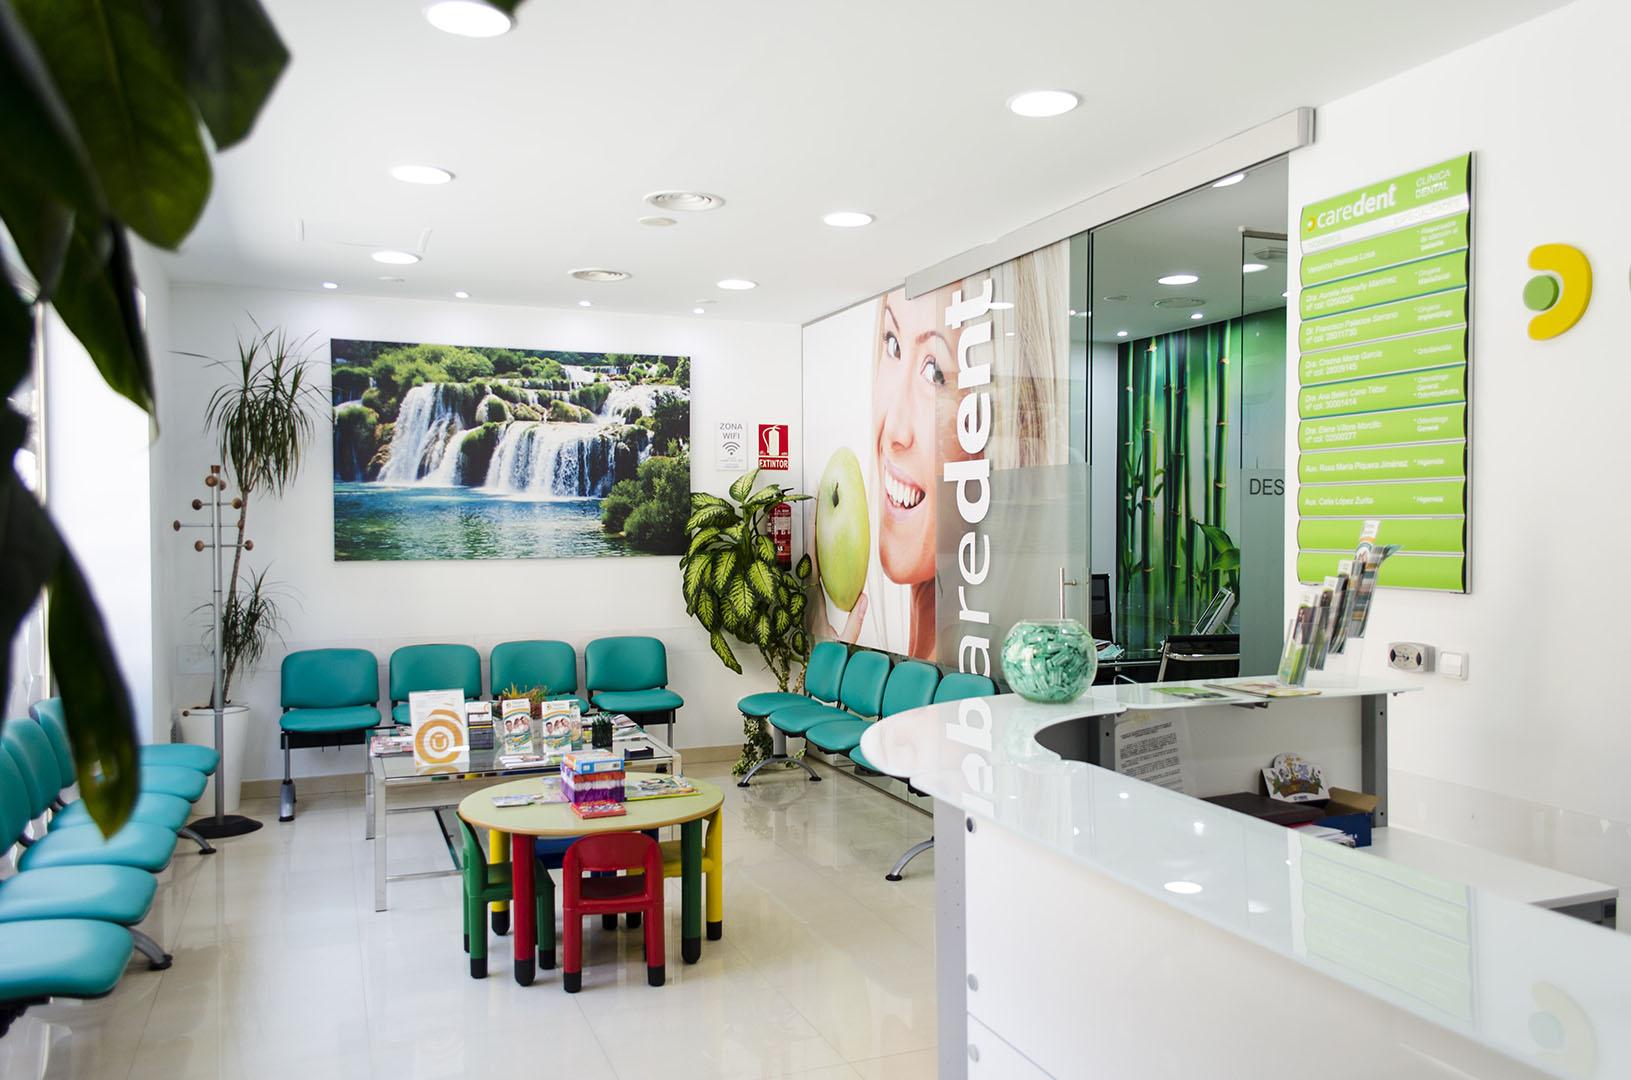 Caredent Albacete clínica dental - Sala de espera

---

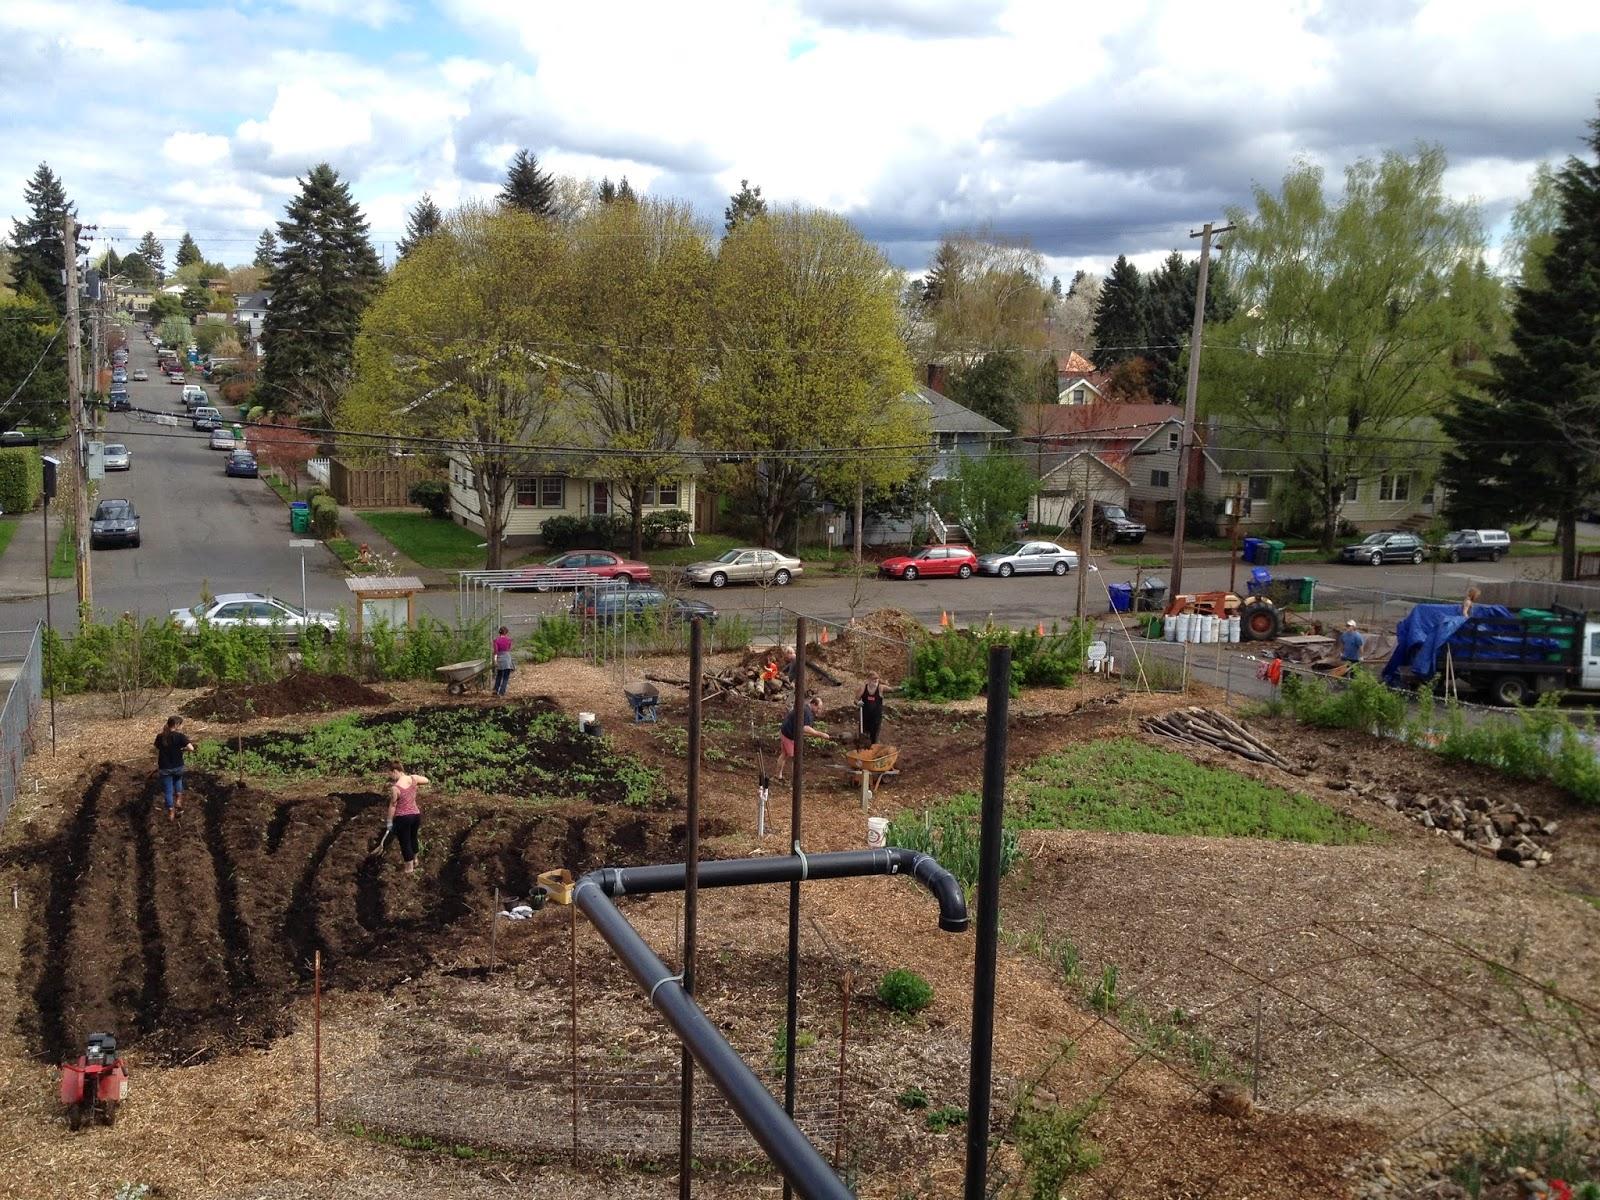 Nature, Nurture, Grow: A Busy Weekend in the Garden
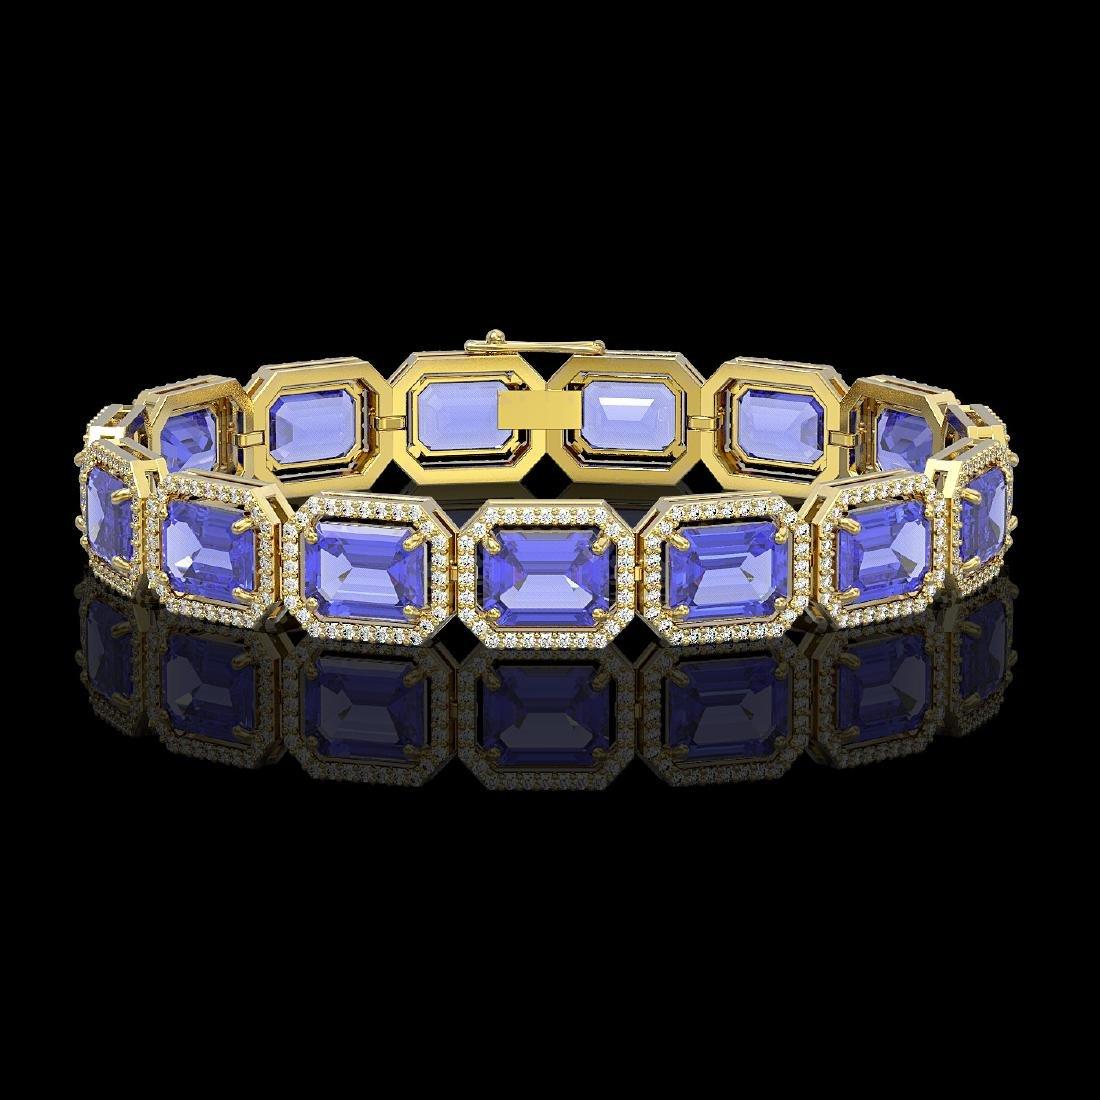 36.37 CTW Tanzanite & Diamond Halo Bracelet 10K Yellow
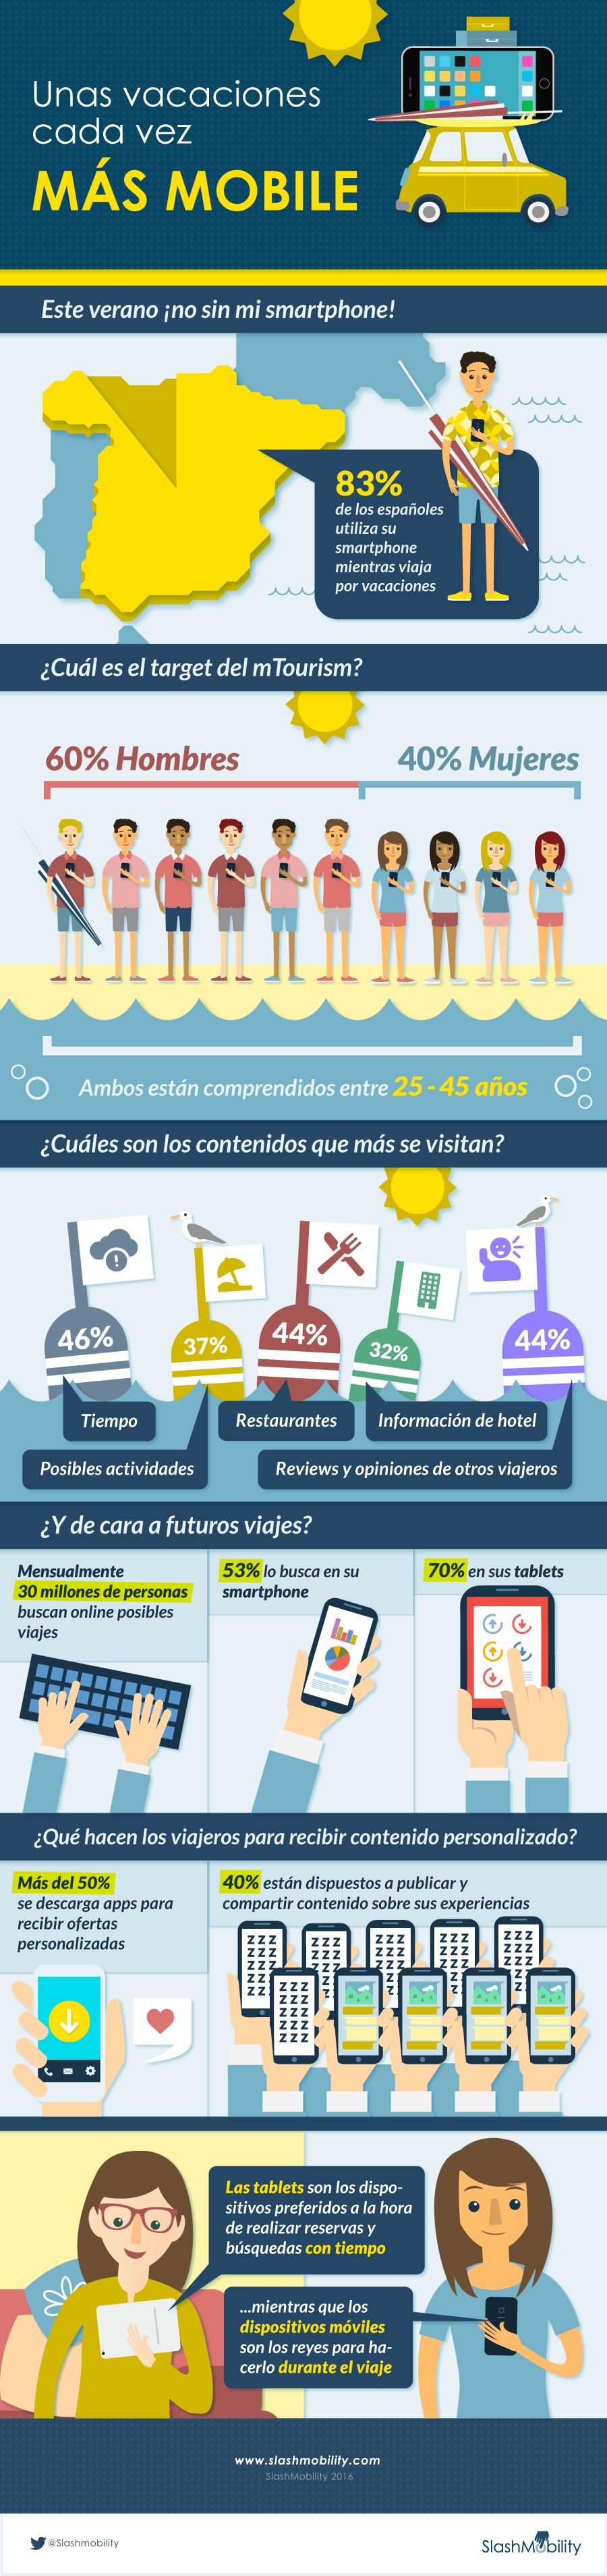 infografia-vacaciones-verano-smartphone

Work order:
Your output should be the lines above from the one that contains "Nature, Nurture, Grow: A" through the one that contains "infografia-vacaciones-verano-smartphone", word for word, with pictures left out.

Exercise response:
 Nature, Nurture, Grow: A Busy Weekend in the Garden
 36.37 CTW Tanzanite & Diamond Halo Bracelet 10K Yellow
 infografia-vacaciones-verano-smartphone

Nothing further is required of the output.